Mr. HUMPHREY of Washington. Yes; very largely.

Mr. NORRIS. I want to ask the gentleman if this line is a corporation organized under some law in Germany?

Mr. HUMPHREY of Washington. I am not sure as to that, but I think so. Mr. NORRIS. In what way does the German Government own the line; I want to know whether it owns the line itself or whether as a matter of fact it is a stockholder in the corporation which does own the line.

Mr. HUMPHREY of Washington. I will say to the gentleman I find the same difficulty that one of the witnesses who testified before this royal commission found in relation to this question when he replied that he found it was very difficult to find out in regard to the exact status; that it was carried on secretly; that they gave rebates over the railroads, and it was generally supposed that the German Government owned a large portion of the stock. The exact facts you can not ascertain.

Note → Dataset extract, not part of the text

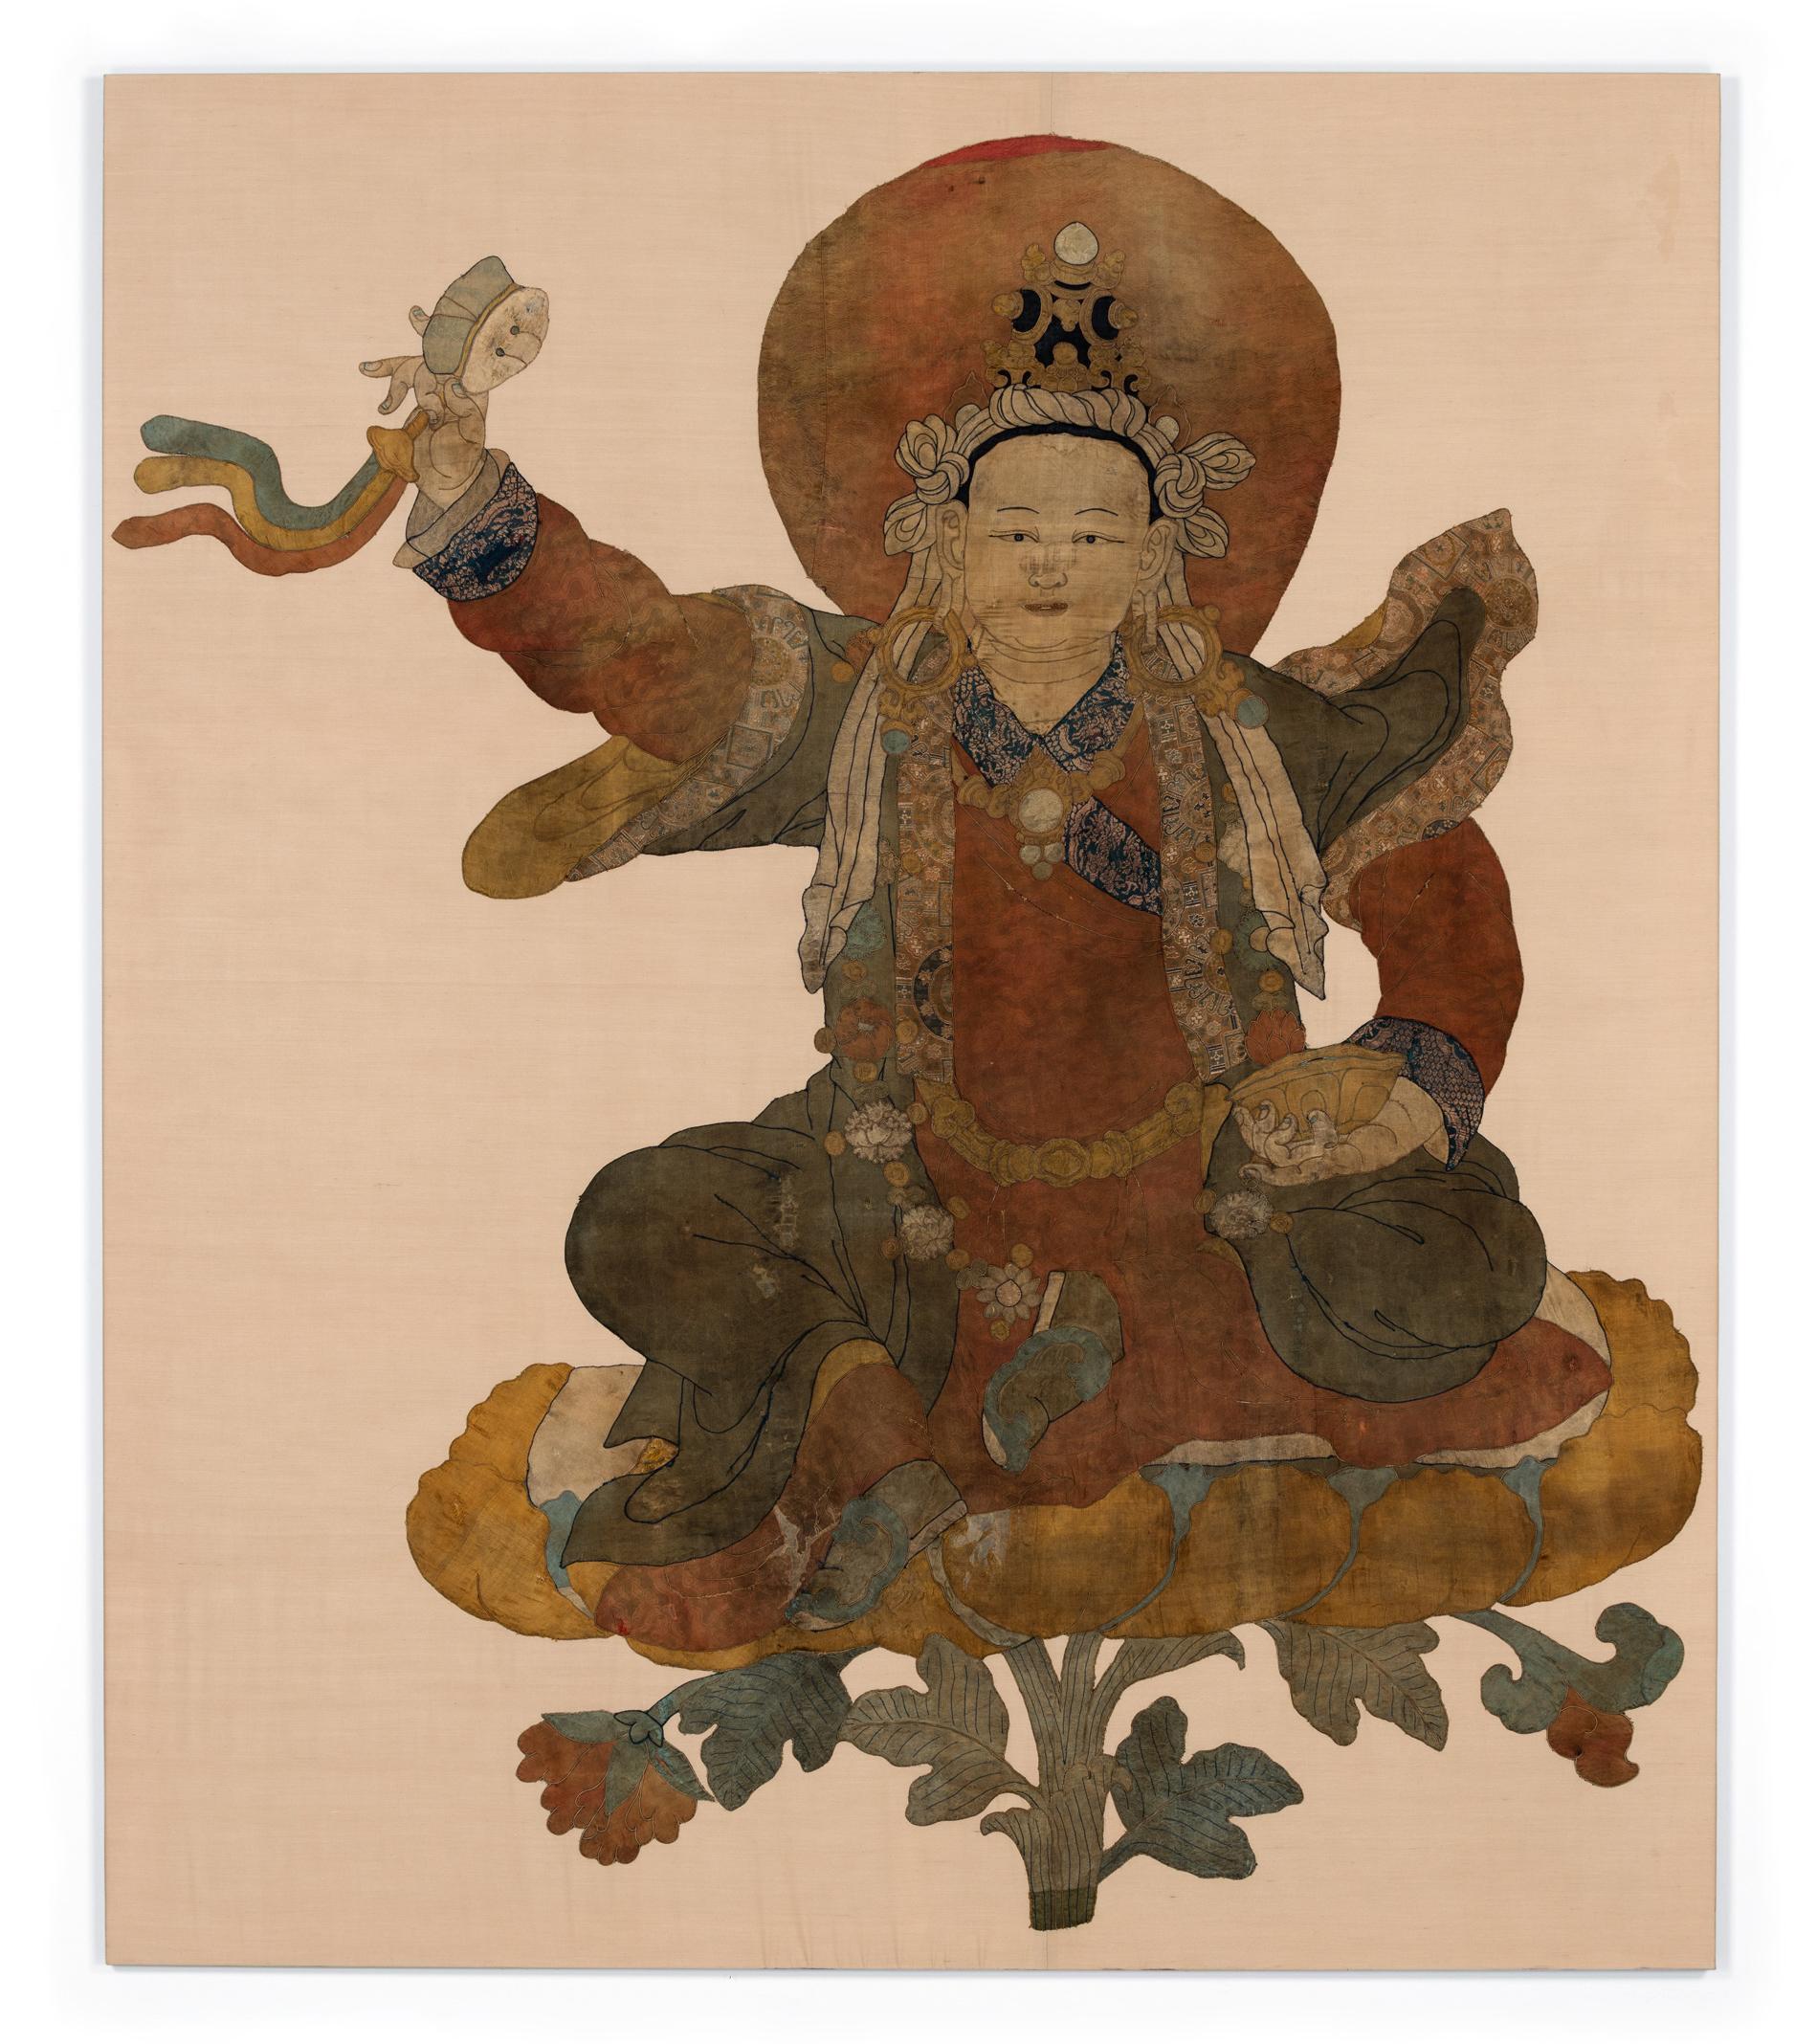 Padmasambhava as Loden Choksé, Tibet, 17th century, silk appliqué, 84 1/8 x 71 5/8 inches, image courtesy Rubin Museum of Art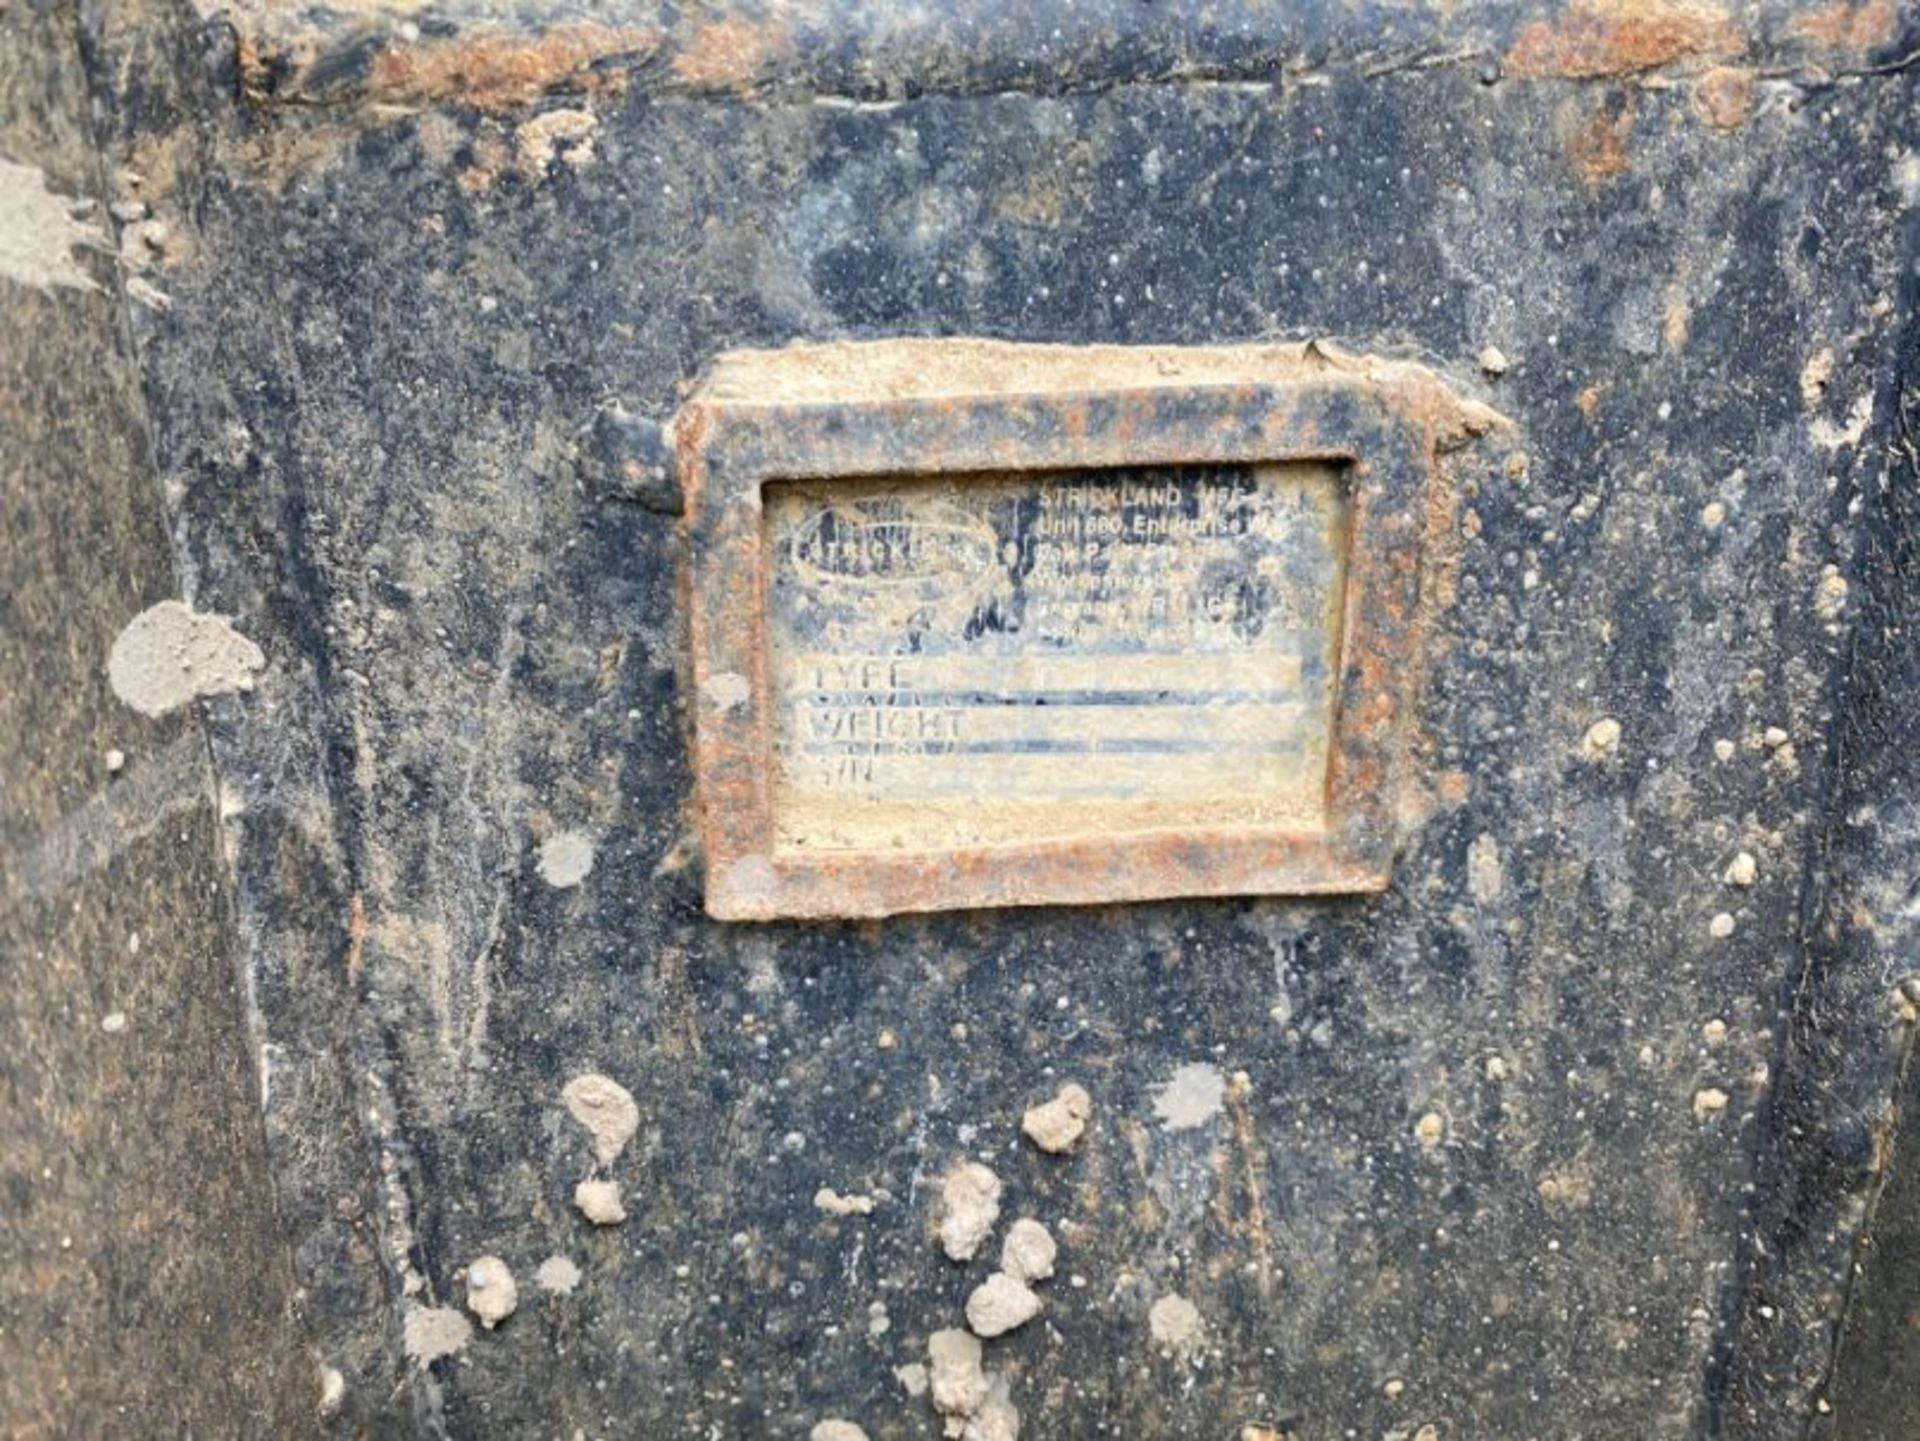 "Lot 43 - Strickland 30"" excavator bucket (no age ID): 2"" dia pin x 6.5"" dipper x 12"" between centres"

Mr. BARCHFELD. If the gentleman from Washington will permit, I will answer the gentleman by stating that the Hamburg-American Company was founded and supported by direct subsidy of the German Government, agreeing to guarantee to pay the interest on the bonds of that corporation if it was formed. Mr. NORRIS. Do they own some of the stock?

Mr. BARCHFELD. The German Emperor is a stockholder in the corporation himself.